Entries taken from a collection
__________________________________________________
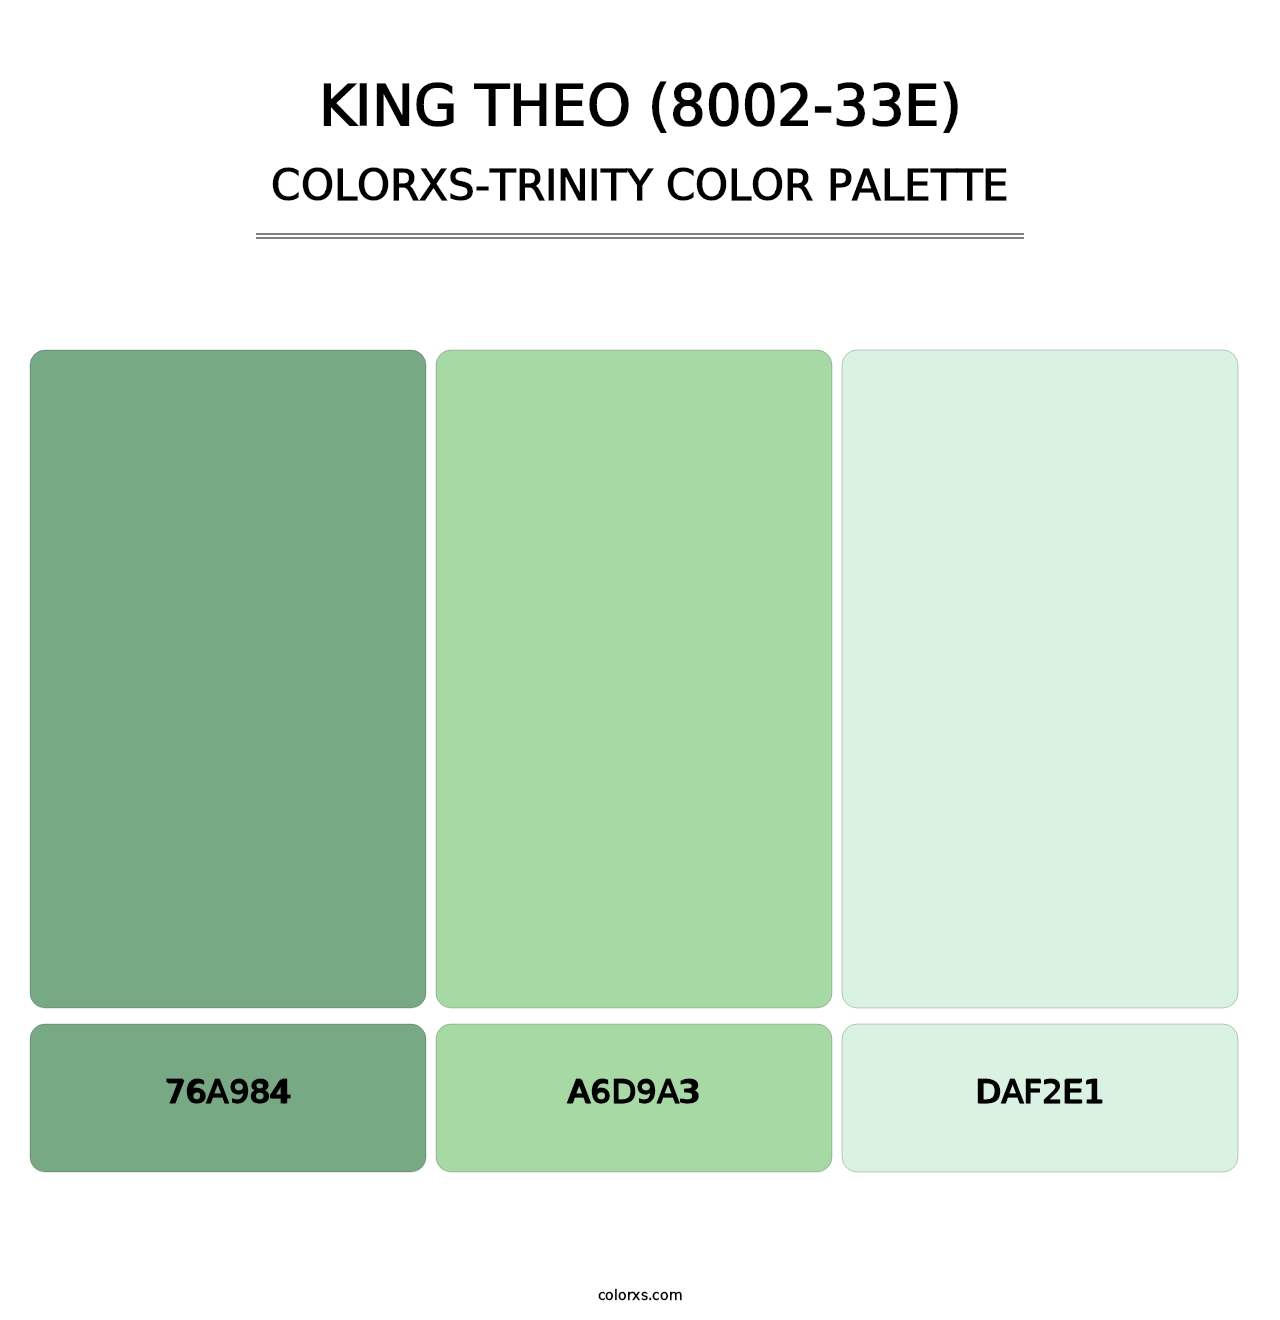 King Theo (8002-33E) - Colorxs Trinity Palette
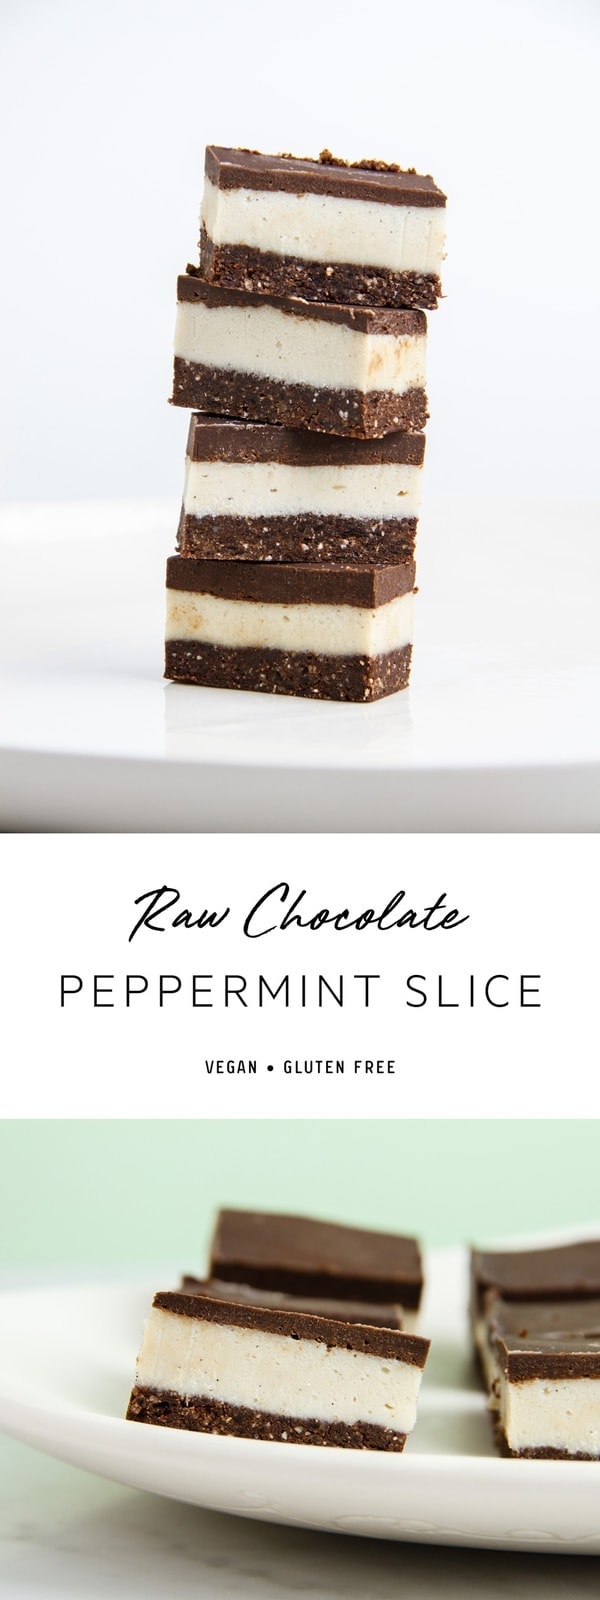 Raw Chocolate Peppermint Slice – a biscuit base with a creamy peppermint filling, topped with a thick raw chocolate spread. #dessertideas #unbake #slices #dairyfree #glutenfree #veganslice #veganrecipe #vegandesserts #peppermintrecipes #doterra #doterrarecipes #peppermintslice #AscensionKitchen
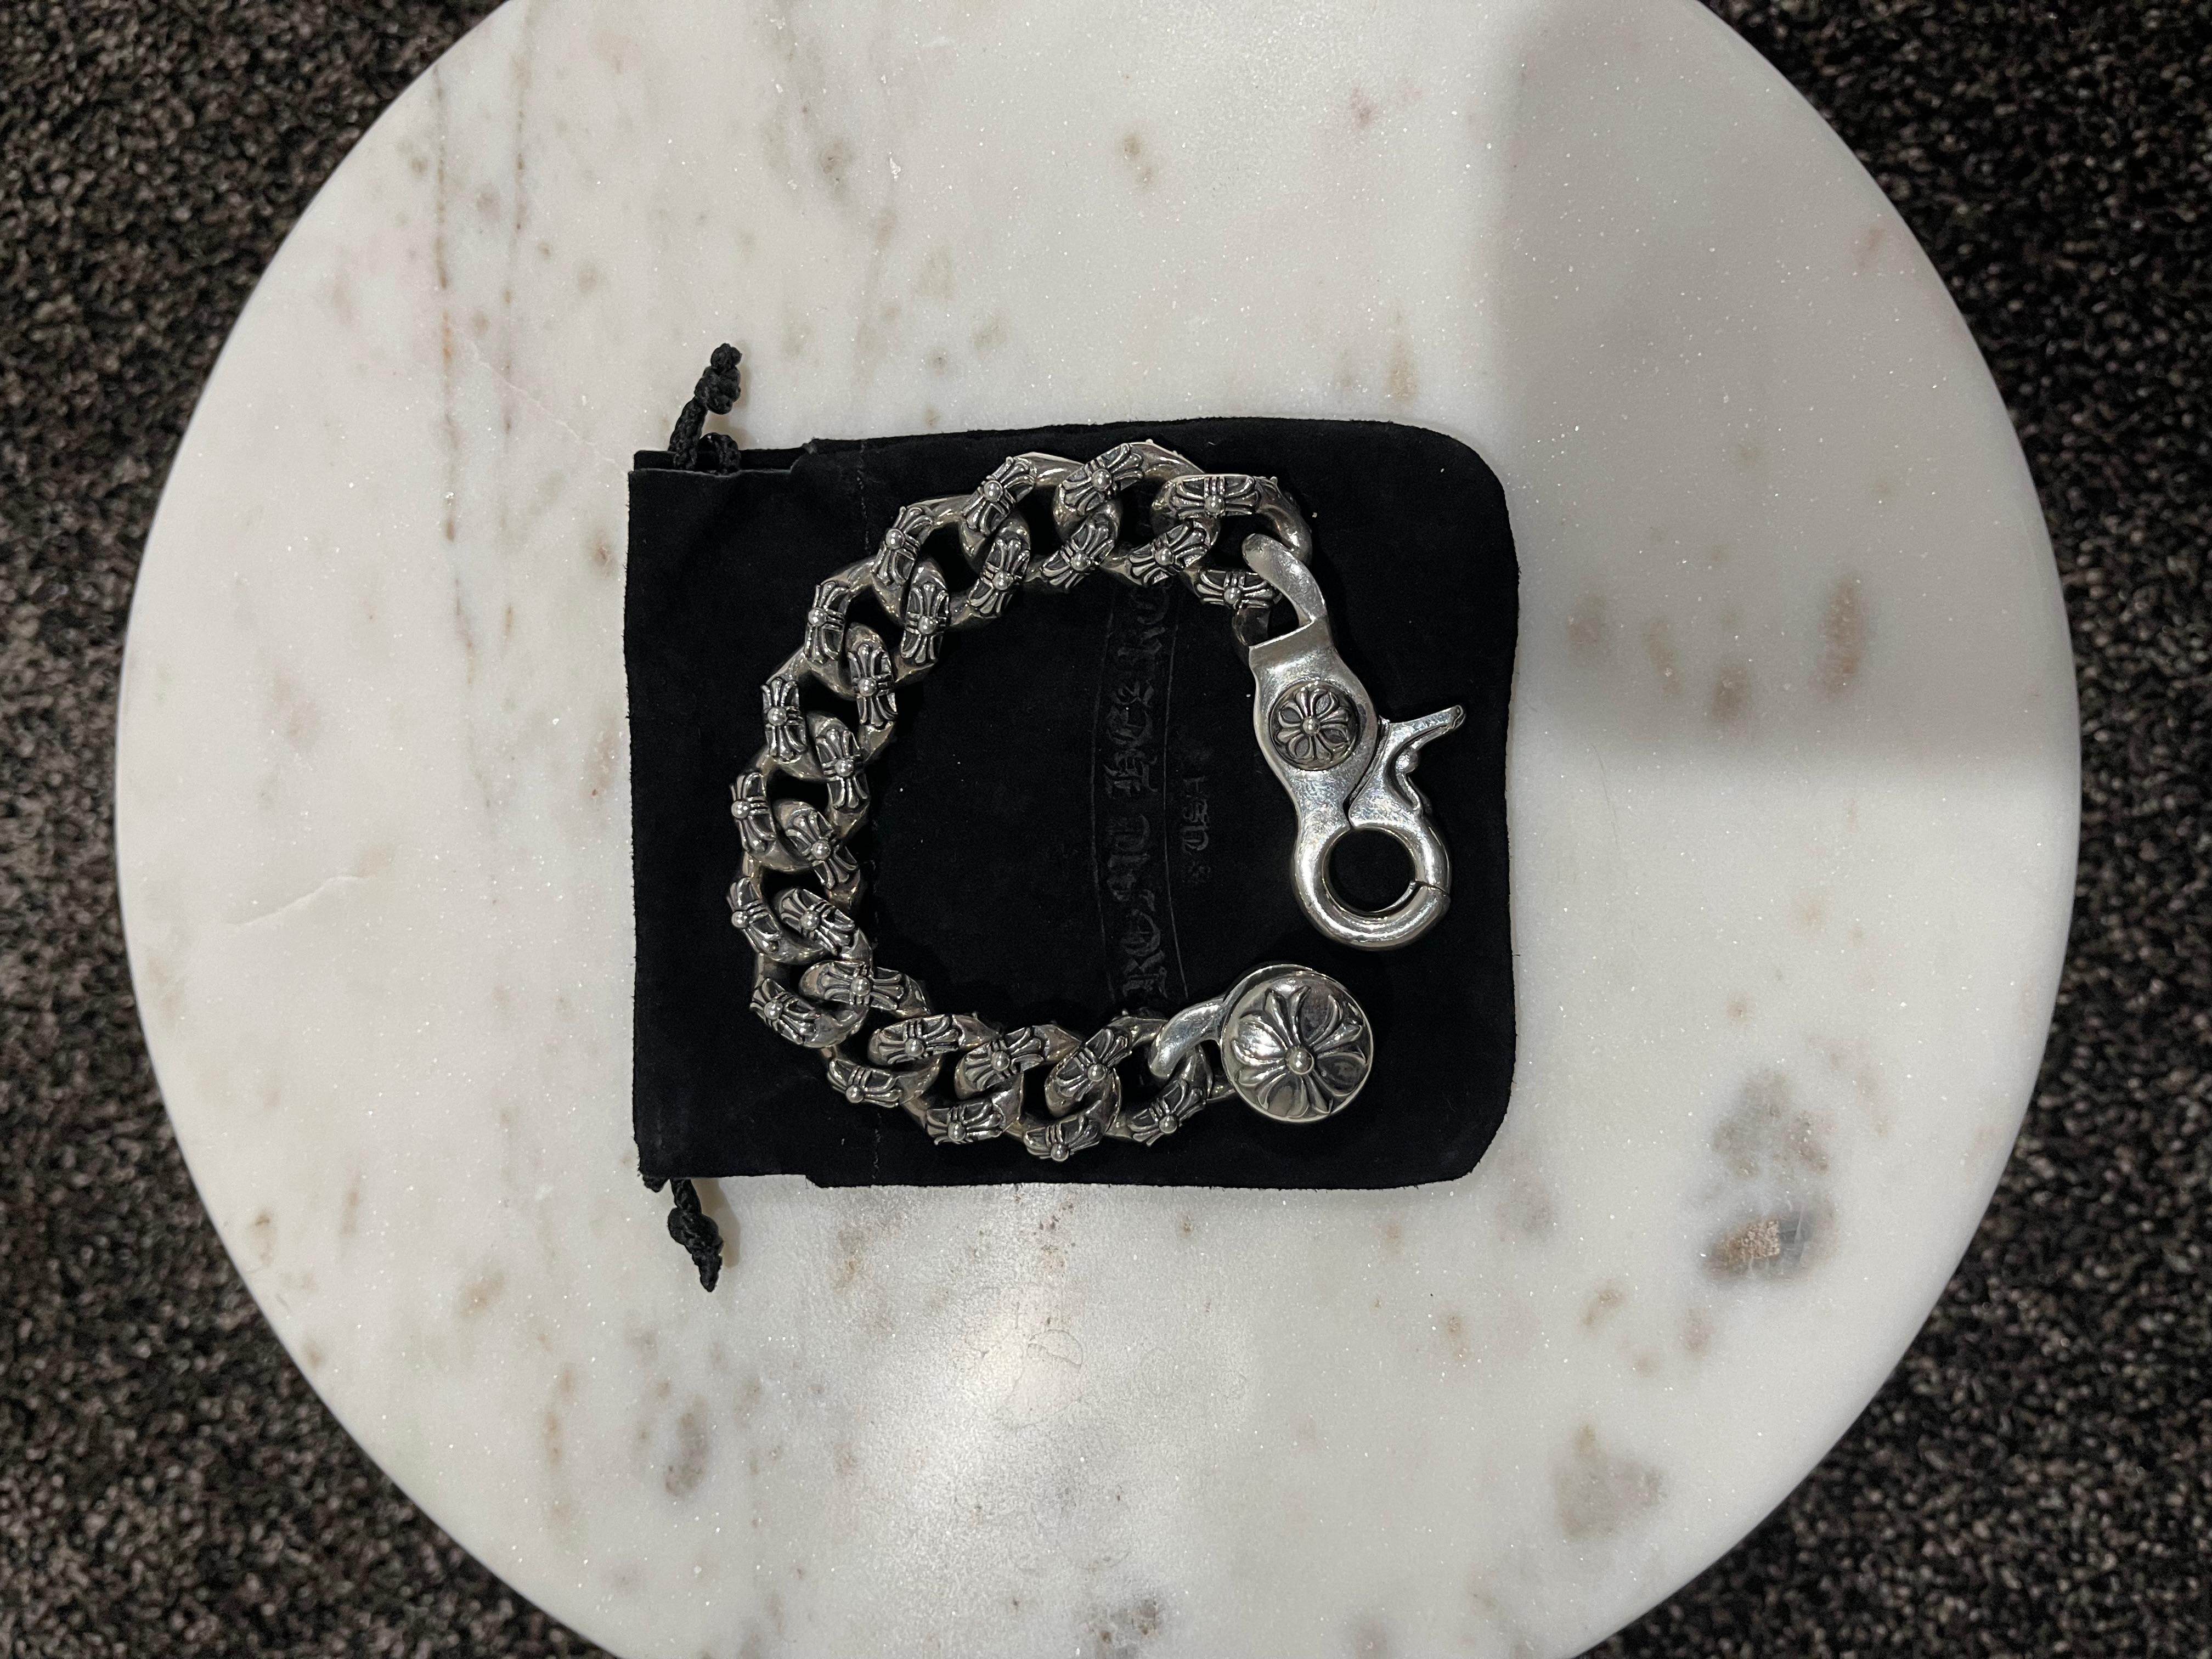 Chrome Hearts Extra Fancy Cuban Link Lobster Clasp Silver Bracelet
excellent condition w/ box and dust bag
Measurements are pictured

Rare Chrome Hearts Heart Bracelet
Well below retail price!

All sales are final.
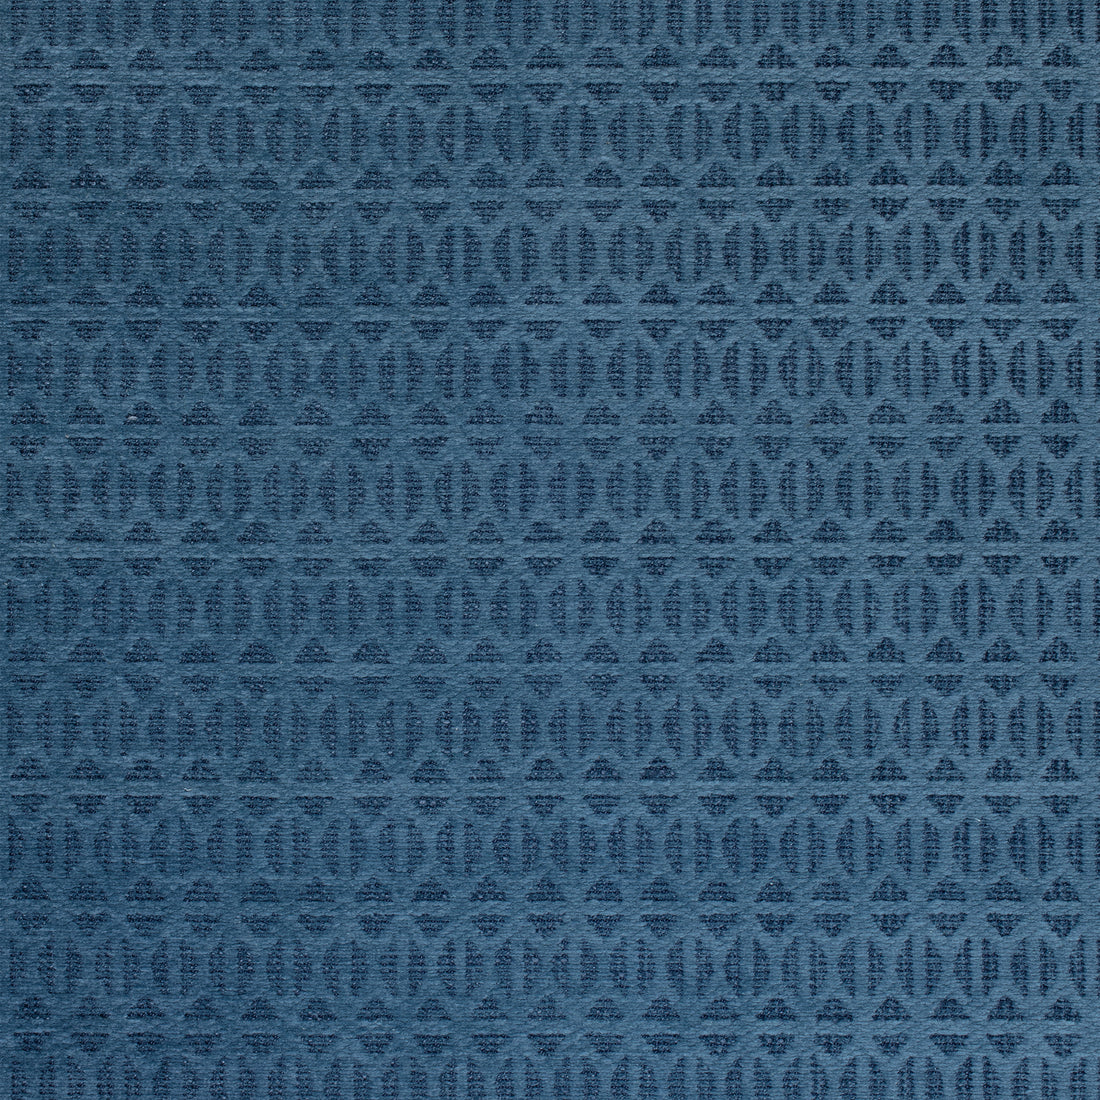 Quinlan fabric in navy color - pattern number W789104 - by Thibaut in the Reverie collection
__________________________________________________
*Exercise objective*: An exact copy of the lines from the one with "Raw Chocolate Peppermint" through the last line of the records, inclusive, is required, with all pictures left out.

*Solution for this exercise*:
 Raw Chocolate Peppermint Slice – a biscuit base with a creamy peppermint filling, topped with a thick raw chocolate spread. #dessertideas #unbake #slices #dairyfree #glutenfree #veganslice #veganrecipe #vegandesserts #peppermintrecipes #doterra #doterrarecipes #peppermintslice #AscensionKitchen
 Chrome Hearts Extra Fancy Cuban Link Lobster Clasp Silver Bracelet
excellent condition w/ box and dust bag
Measurements are pictured

Rare Chrome Hearts Heart Bracelet
Well below retail price!

All sales are final.
 Quinlan fabric in navy color - pattern number W789104 - by Thibaut in the Reverie collection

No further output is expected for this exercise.